Understanding moving object behaviors, also known as trajectory semantics, is an important problem that affects many decision making applications. Previous works typically identify such behaviors by using known landmarks, also termed as Regions of Interest (ROIs) (parks, museums, malls, etc.) that are geographically collocated with the trajectory. The main objective of this thesis is to identify trajectory semantics, by looking only at the trajectory data, i.e., without assuming pre-knowledge of ROIs.

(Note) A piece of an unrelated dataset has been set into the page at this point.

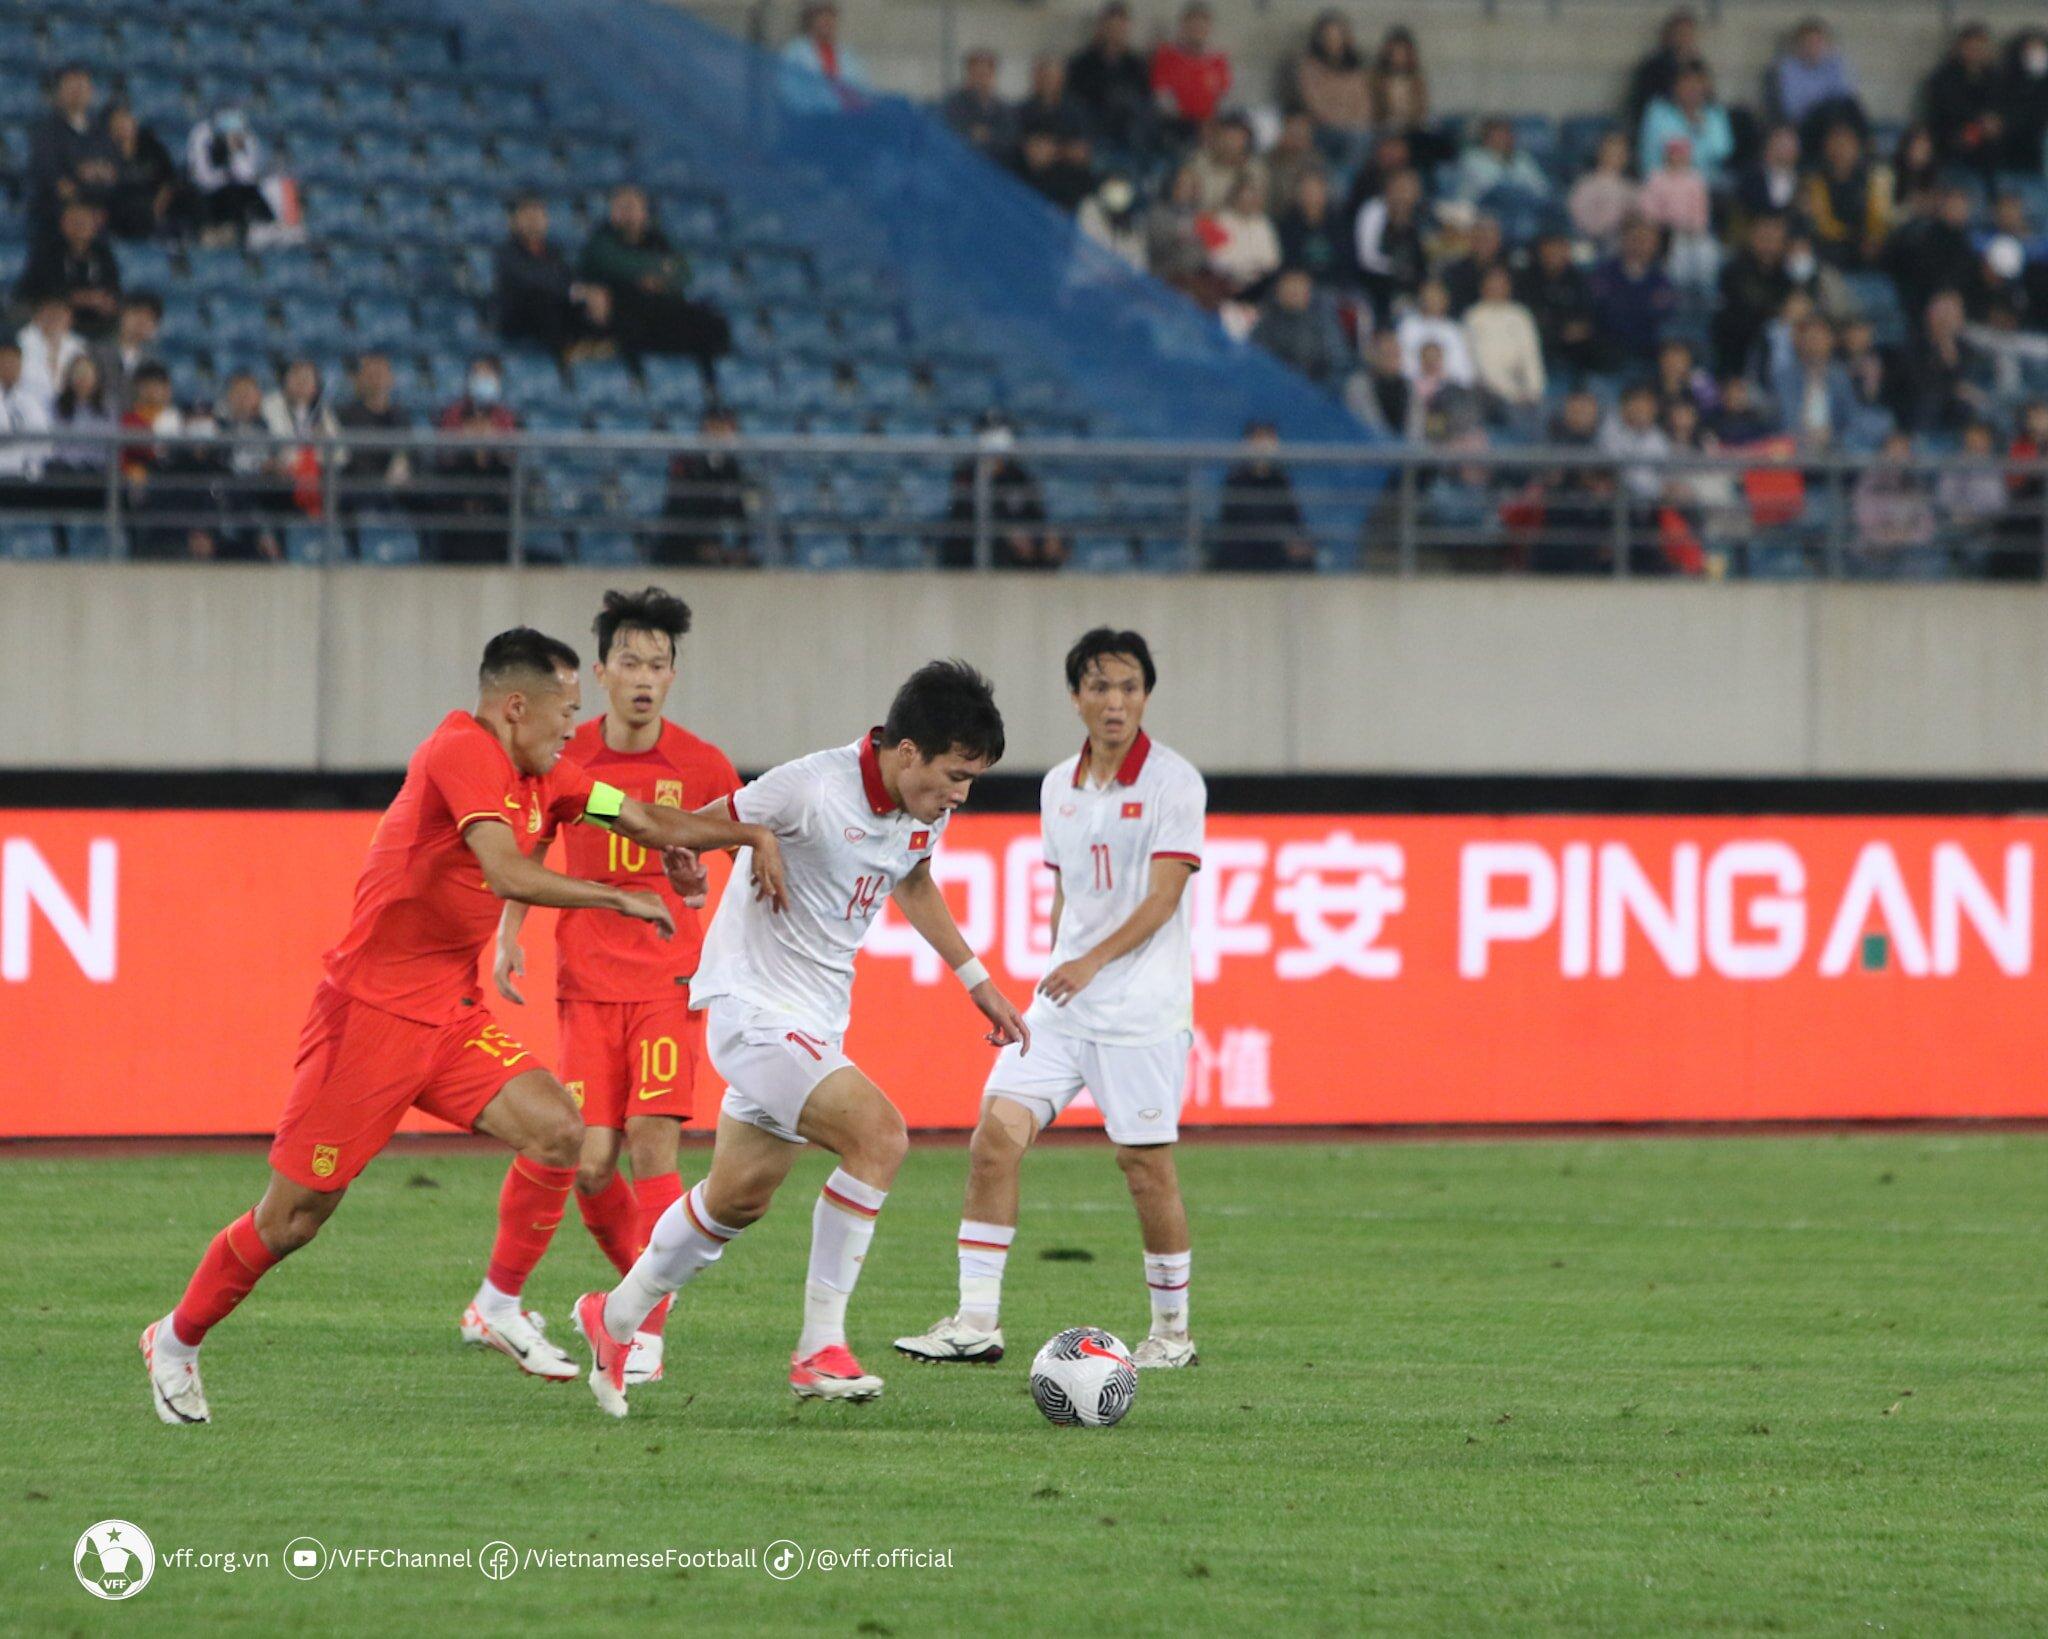 Đội tuyển Việt Nam nhận thất bại trước đội chủ nhà Trung Quốc tại Đại Liên (Ảnh: Internet)
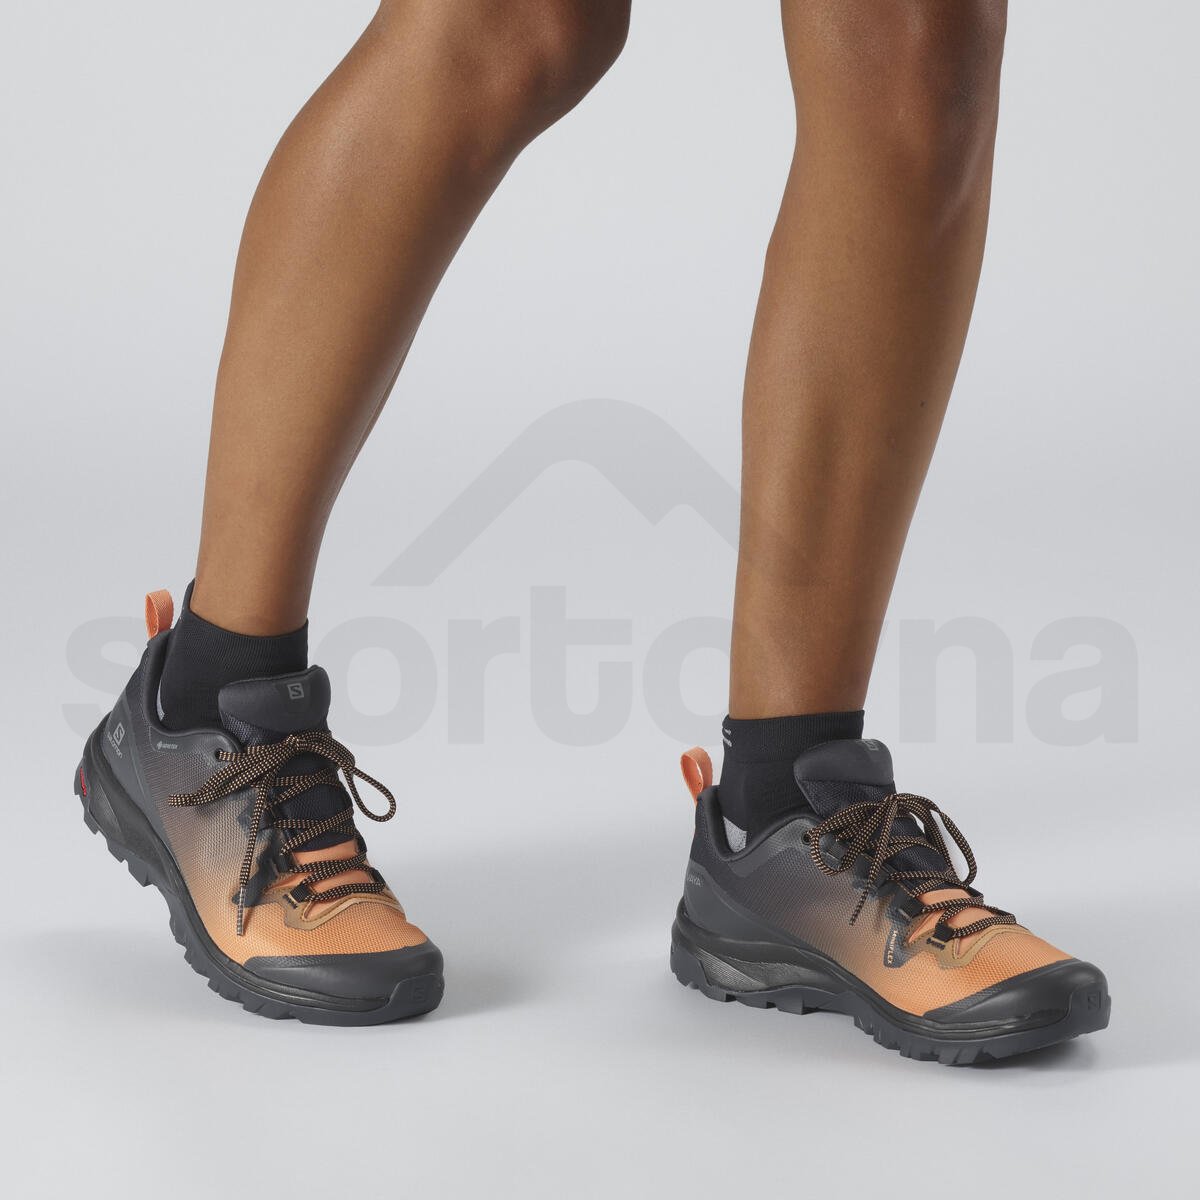 Treková obuv Salomon Vaya GTX W - černá/oranžová

We first present a new trajectory behavior, by defining the notion of dwell regions. A region R is a dwell region for a moving object O if, given a threshold distance d and duration t, every point of R remains within distance d of O for at least time t. Clearly, points within R are likely to be of interest to O. We present methods for determining dwell regions for both streaming and archived data. Next, we introduce a novel query that can be used to track conclaves (i.e., secret meetings) of a group of moving object. In this environment we assume only partial observations of the individual object movements, within the context of a local transportation network. This is a realistic assumption due to sparsely-distributed surveillance cameras or lack of observations in general. Given such limited observations we seek to infer the set of all possible conclaves. The third chapter of the thesis addresses ROI identification. An ROI is typically defined as a region where a large number of moving objects remain for at least a given time interval. Previous methods require sequential scanning of the entire dataset to find ROIs when the semantics (number of objects, time duration) change. Here, we propose a novel method based on object density, to efficiently identify ROIs with arbitrary semantics; this method scans the dataset only once.
We also revisit indexing of trajectories using Hilbert curves. Instead of using minimum bounding rectangles we present methods to use Hilbert curves to index trajectory polylines. Our method outperforms the state of the art methods for spatial range queries by two to fifteen times. Even though such transformation does not preserve the Euclidean distance, we show, that our approach can also be used to efficiently answer kNN queries.